- GOAL OF THE EXERCISE: The line with "Shahu Khasbag wrestling" marks the start; please set it down along with all later lines through the end of the material, exactly, leaving out pictures.

- GIVEN MATERIAL:
####################
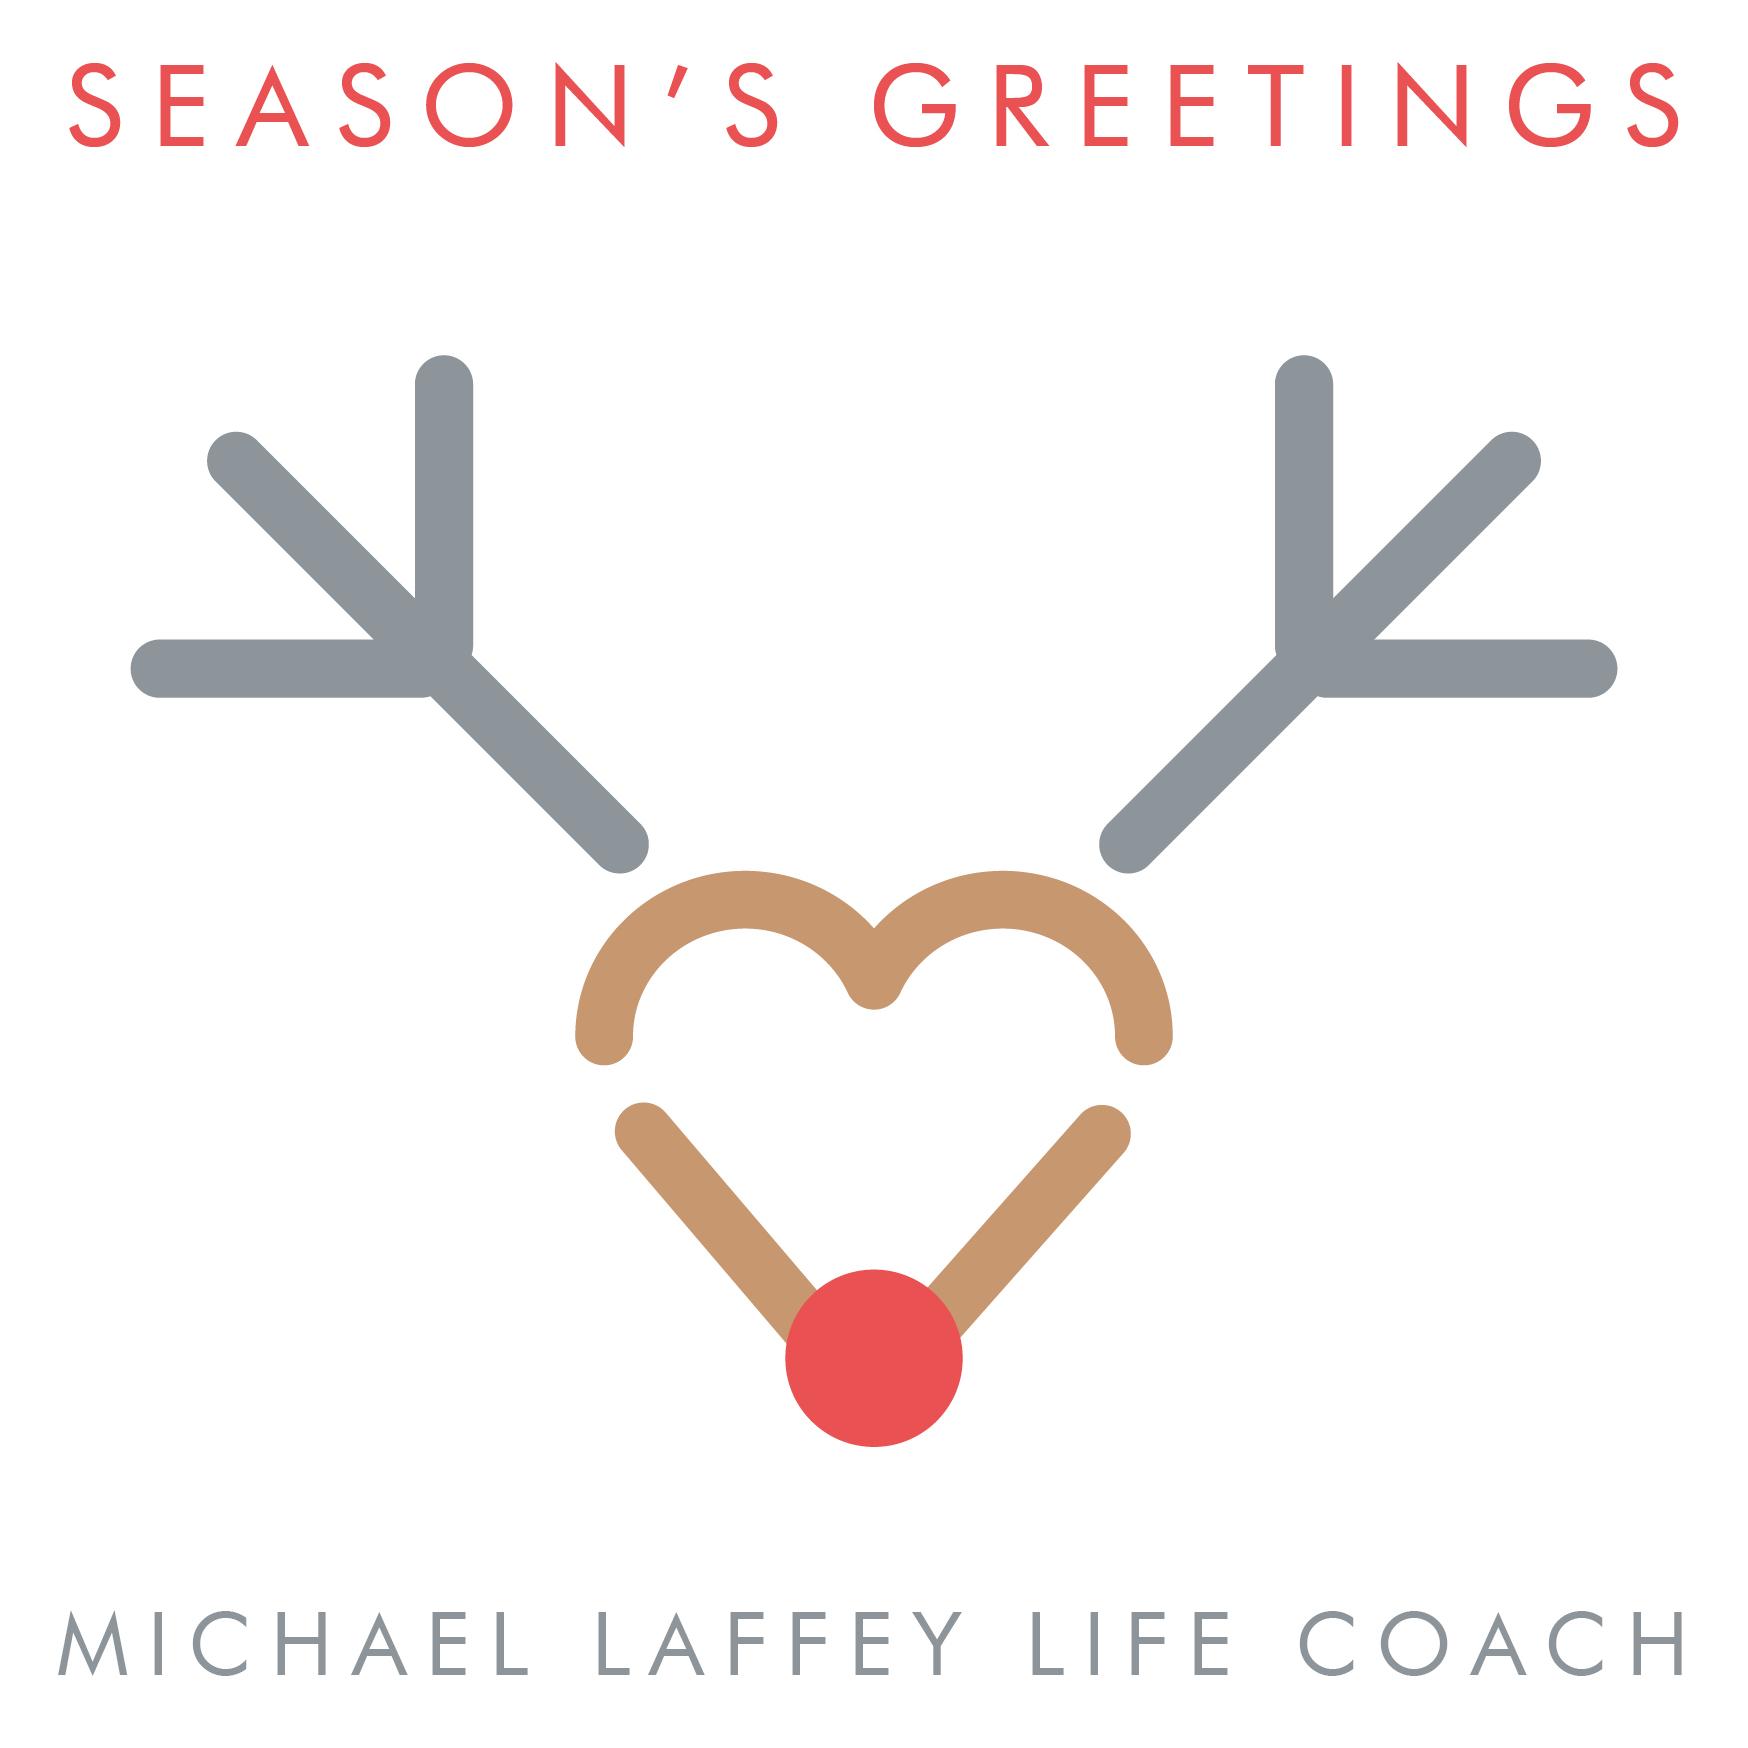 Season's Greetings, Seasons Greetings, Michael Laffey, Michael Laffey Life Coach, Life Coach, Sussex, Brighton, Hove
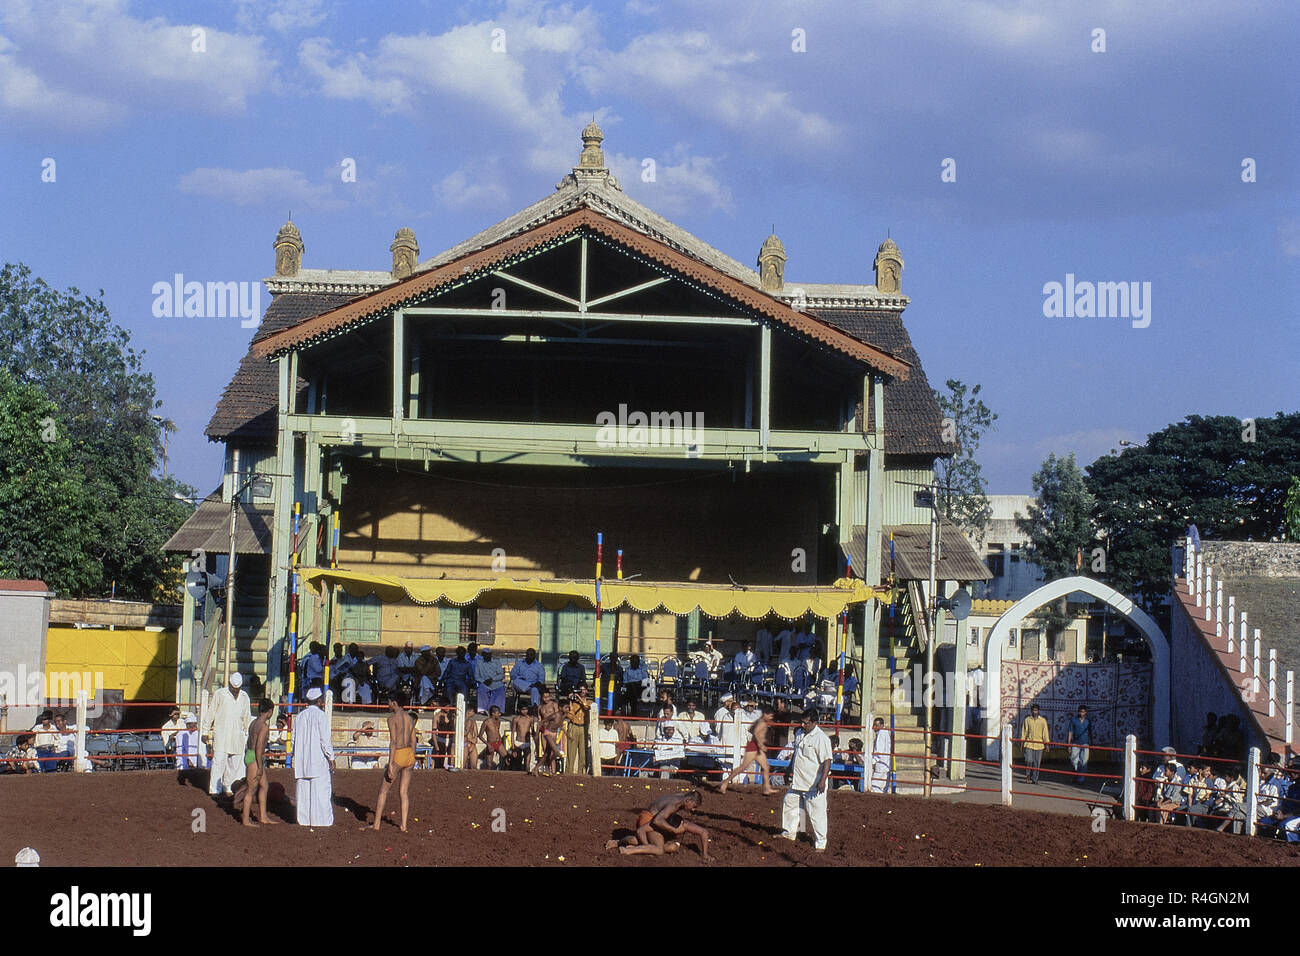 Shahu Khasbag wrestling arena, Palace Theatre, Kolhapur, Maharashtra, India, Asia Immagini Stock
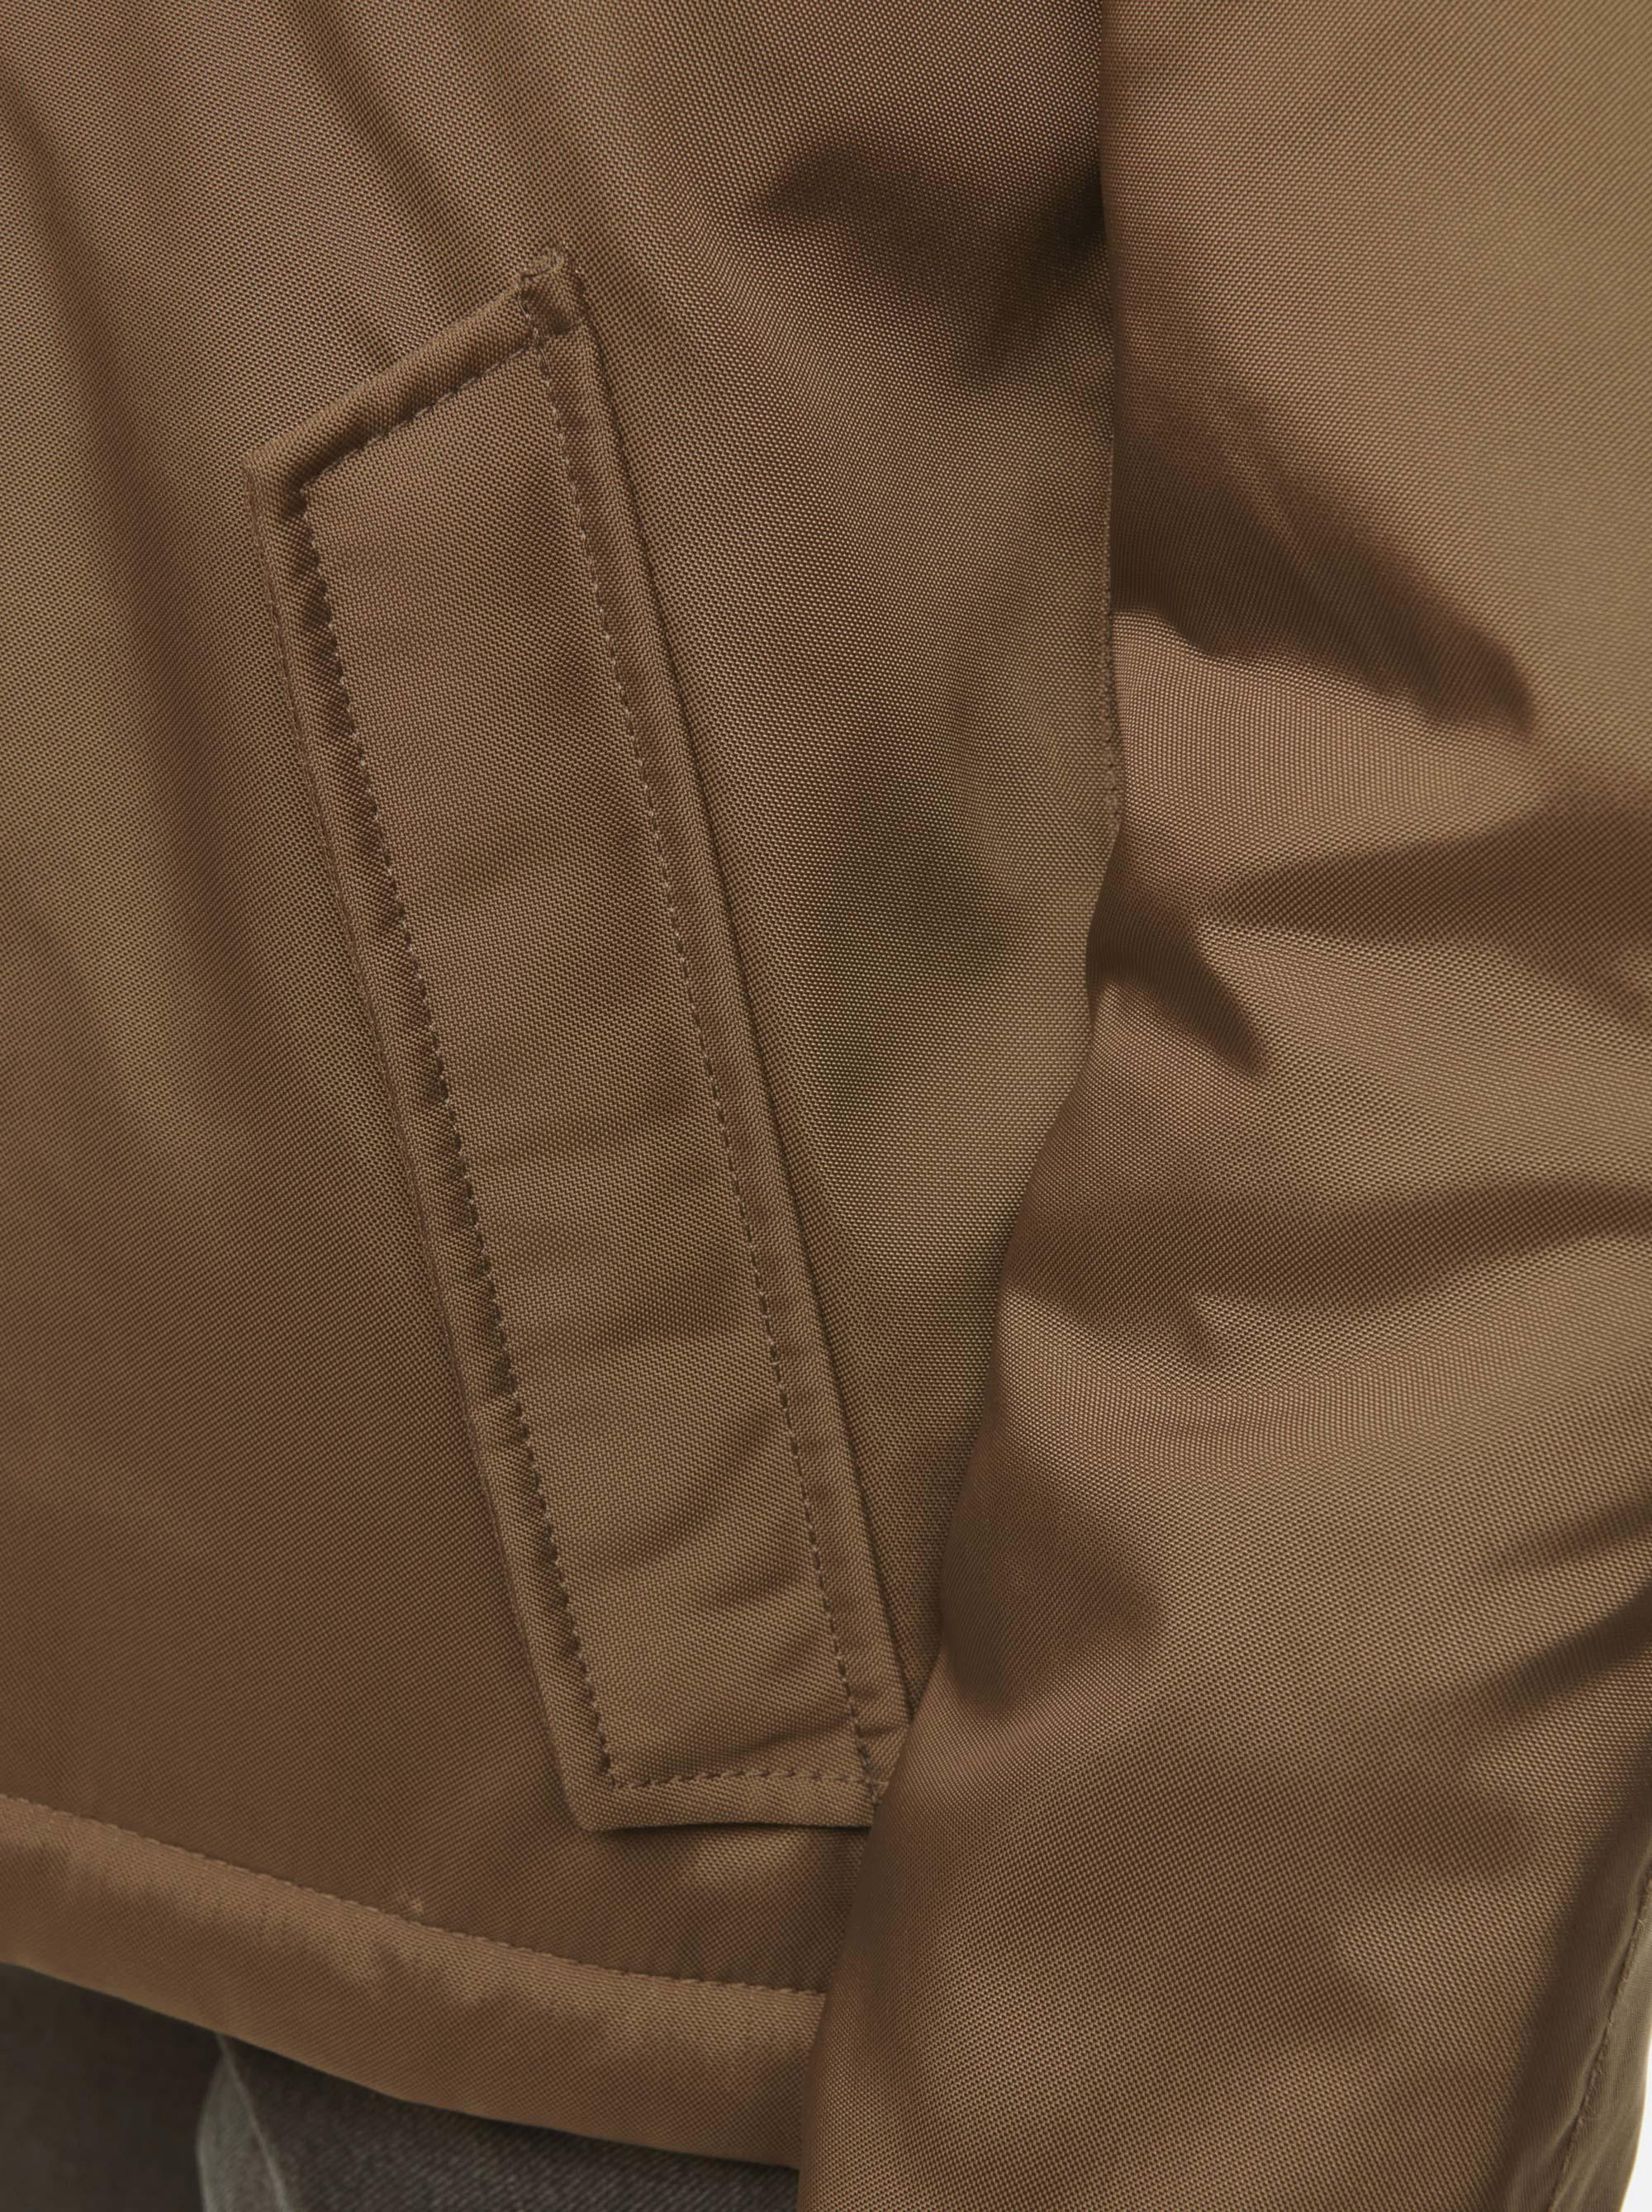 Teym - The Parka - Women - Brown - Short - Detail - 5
####################
- REPLY TO THE TASK:
 Shahu Khasbag wrestling arena, Palace Theatre, Kolhapur, Maharashtra, India, Asia Immagini Stock
 Teym - The Parka - Women - Brown - Short - Detail - 5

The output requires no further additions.